For a period that worked extremely well…

However the market we operate in today looks different to the one that existed even five or six years ago – hybrid working has reshaped where people choose to live, rents have risen quickly, development accelerated at pace and now planning pipelines are beginning to slow again.

At the same time regulatory change is introducing fresh uncertainty. If residents can move more easily, investors and lenders inevitably ask harder questions about income stability. The comfort that once came with fixed-term forecasting begins to weaken.

Some operators are already responding intelligently. Large portfolios allow residents to move between units or even between buildings within the same brand. That approach keeps people inside the ecosystem rather than losing them entirely. Churn becomes managed migration.

Of course, not every scheme has that option.

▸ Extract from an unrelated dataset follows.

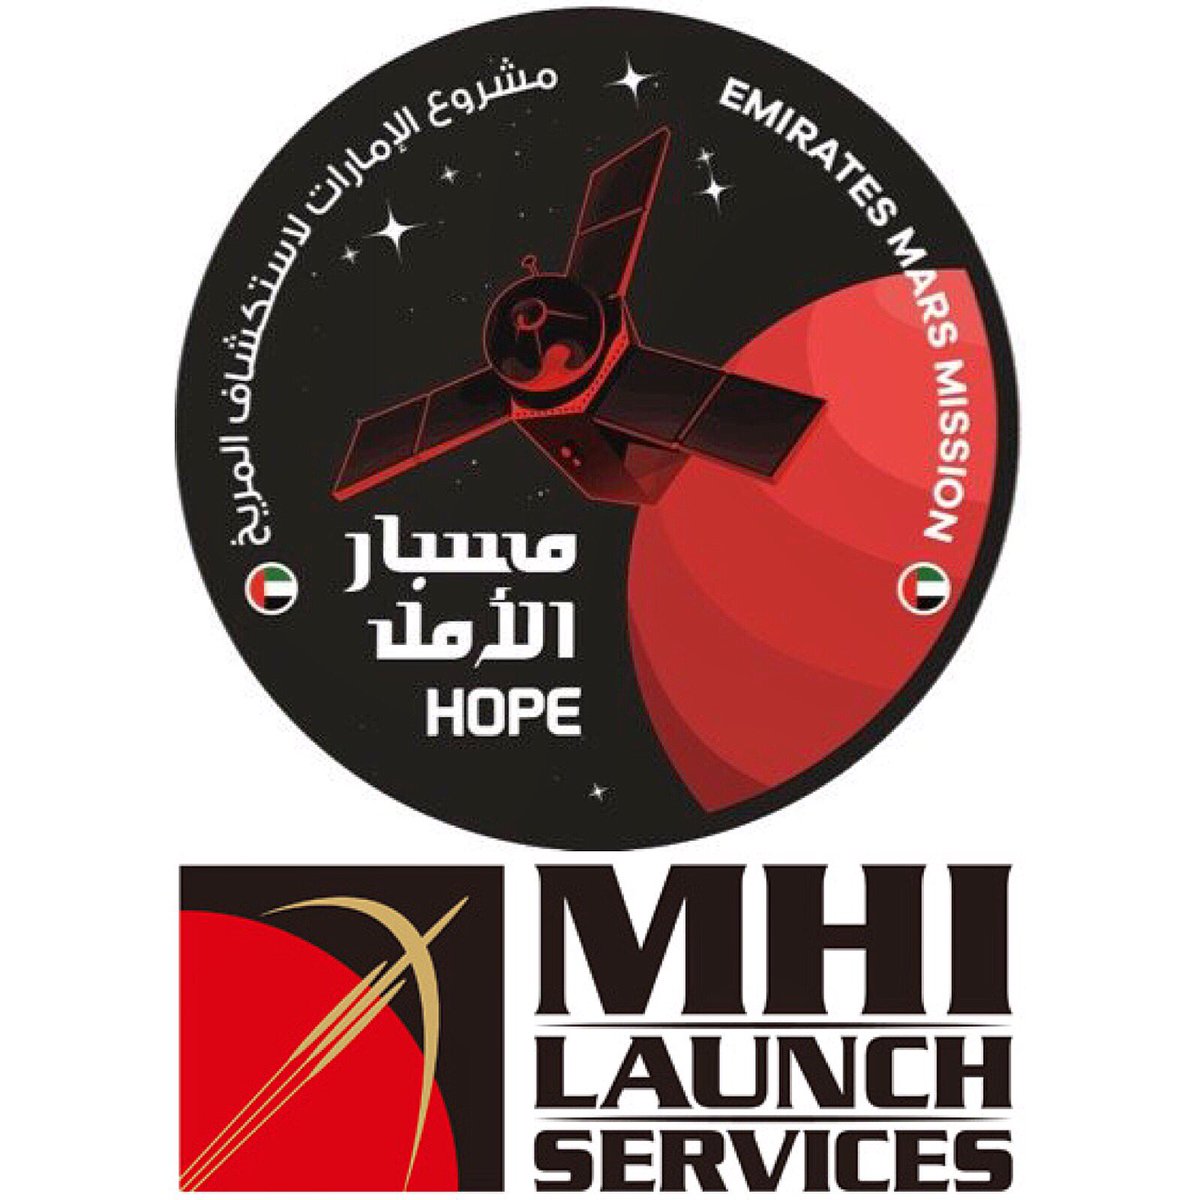 Hope Mars Mission on Twitter: "The #EmiratesMarsMission team would ...

For a single-asset scheme, every departure is felt more directly. The effect can be even sharper where the resident profile is younger and more mobile. Flexibility is attractive to residents, but it also means volatility becomes part of the operating model whether operators like it or not.

That is why the conversation around retention is changing

It is not about superficial perks or occasional events – residents rarely stay in a building because of pizza nights or rooftop yoga sessions. They stay because the fundamentals work: the lift gets promptly fixed, communication is clear and human rather than bureaucratic, rent reviews are handled sensibly, and reporting is done professionally and clearly, easy to understand rather than buried in long unread documents.

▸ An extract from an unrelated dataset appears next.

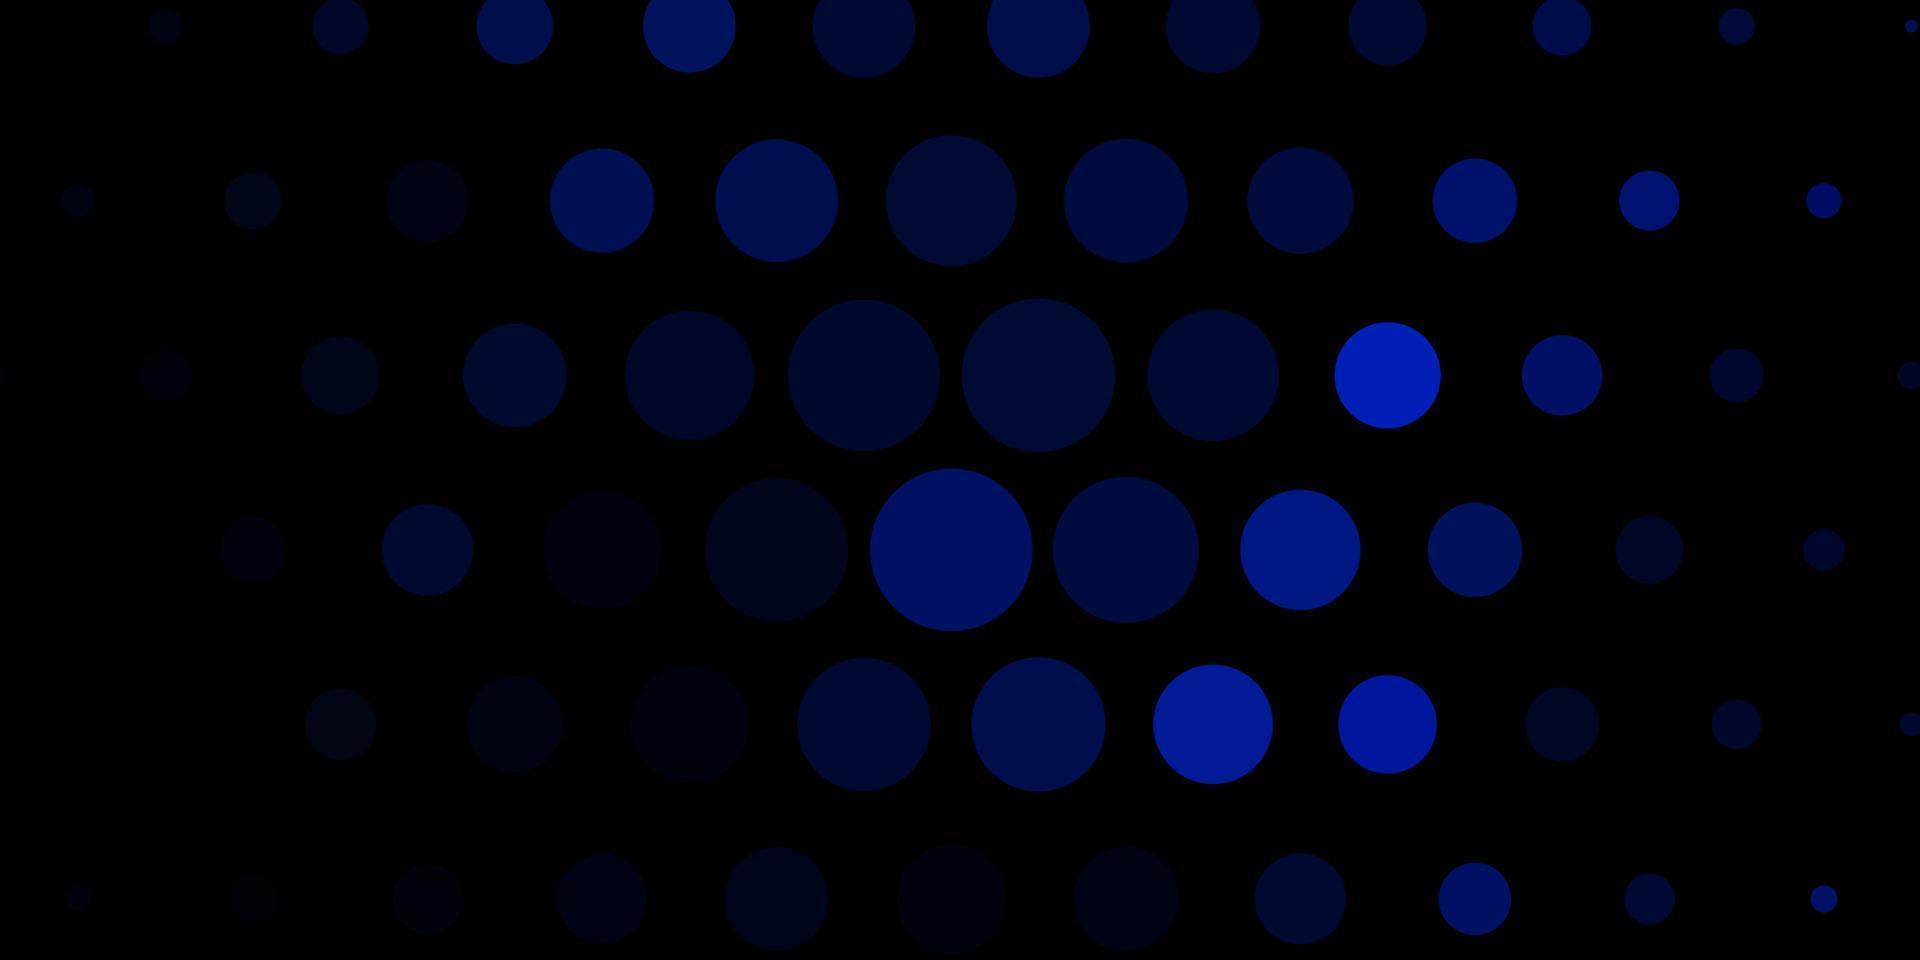 sfondo vettoriale blu scuro con macchie.

When renewal time arrives, most residents do not open a spreadsheet and conduct a detailed comparison exercise. They ask themselves a far simpler question: is it better to stay here or to move?

If the answer begins to tilt even slightly towards moving, operators will feel the impact.

In Build to Rent, the resident experience is not just a branding exercise, it is a commercial strategy. Operators have always balanced efficiency, cost control and tenant experience, but now they must ensure that experience sits in that balance too, because it has a striking, direct impact on churn.

That’s why retention is the new yield

The first chapter of Build to Rent was about scale – delivering impressive buildings and establishing the sector as a credible institutional asset class. The next chapter will be defined by how well operators manage instability within those assets.

Growth may still dominate the headlines, but behind the scenes, the schemes that perform best will be the ones that quietly, but confidently, hold on to their residents.

In a more fluid tenancy environment, stability becomes valuable in its own right, which is why, in today’s Build to Rent market, retention is starting to look very much like the new yield.